It was also a pipe dream. It seemed completely implausible that an agreement to expand monopoly rights could be put into a regime that was about dismantling trade monopolies and removing barriers to competition.

So why did more than 100 states that had little to gain by agreeing to these terms of trade for intellectual property -- terms that offered a few countries so much protection -- sign up to TRIPS?

Because of a failure of democratic processes, both nationally and internationally.

This failure enabled a small group of men within the United States to capture the US trade-agenda-setting process and then, in partnership with European and Japanese multinationals, to draft intellectual property principles that became the blueprint for TRIPS. The resistance of other countries was crushed through US trade power.

This is the conclusion of Australian researchers Peter Drahos and John Braithwaite.
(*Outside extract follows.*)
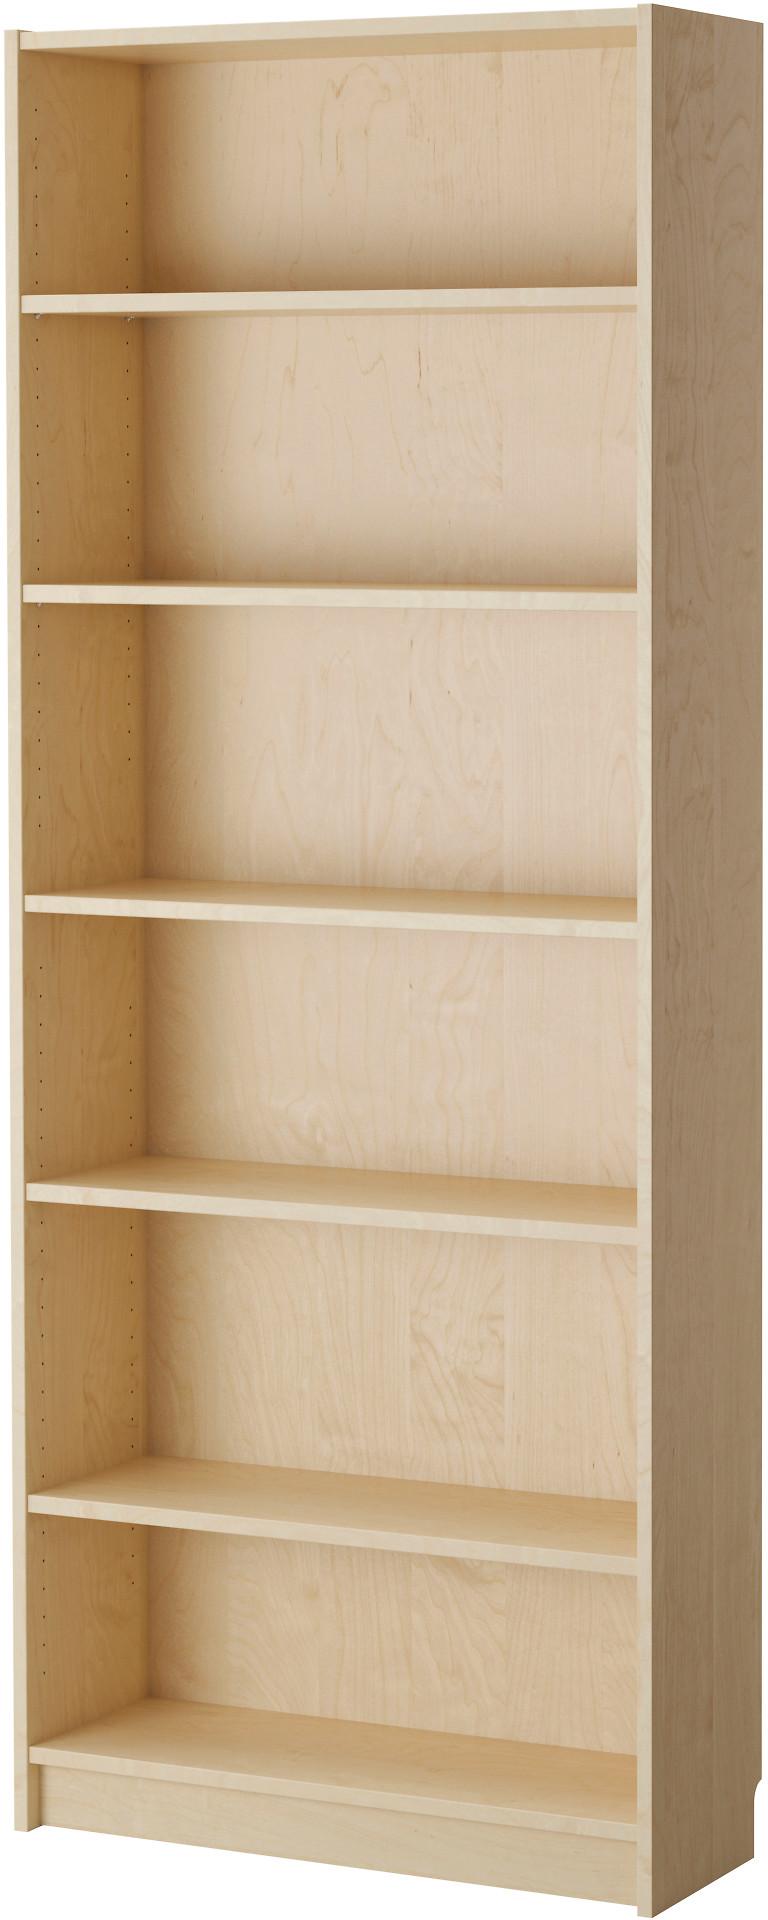 BILLY Bookcase - birch veneer - IKEA

They interviewed over 500 key informants because "many of the regulatory standards that have a global reach in our world are shaped by informal negotiations of which no written record is made."

Their research, summarised in this latest Corner House briefing paper, reveals "what the formal language of international intellectual property agreements does not: the informal dynamic of power that determines the choice of words, their meaning and subsequent utilization".

TRIPS was possible only because an elite in the US, Japan and Europe set aside their differences and united around global intellectual property protection. Resisting this new paradigm requires diverse groups and communities to unite in a global politics that forces governments to design intellectual property rights to serve the welfare and basic freedoms of citizens.

It also requires understanding the long-term organising strategies of a few business visionaries in order to challenge current attempts to increase and extend intellectual property rights, to halt widening inequalities, and to redefine TRIPS as a matter of injustice.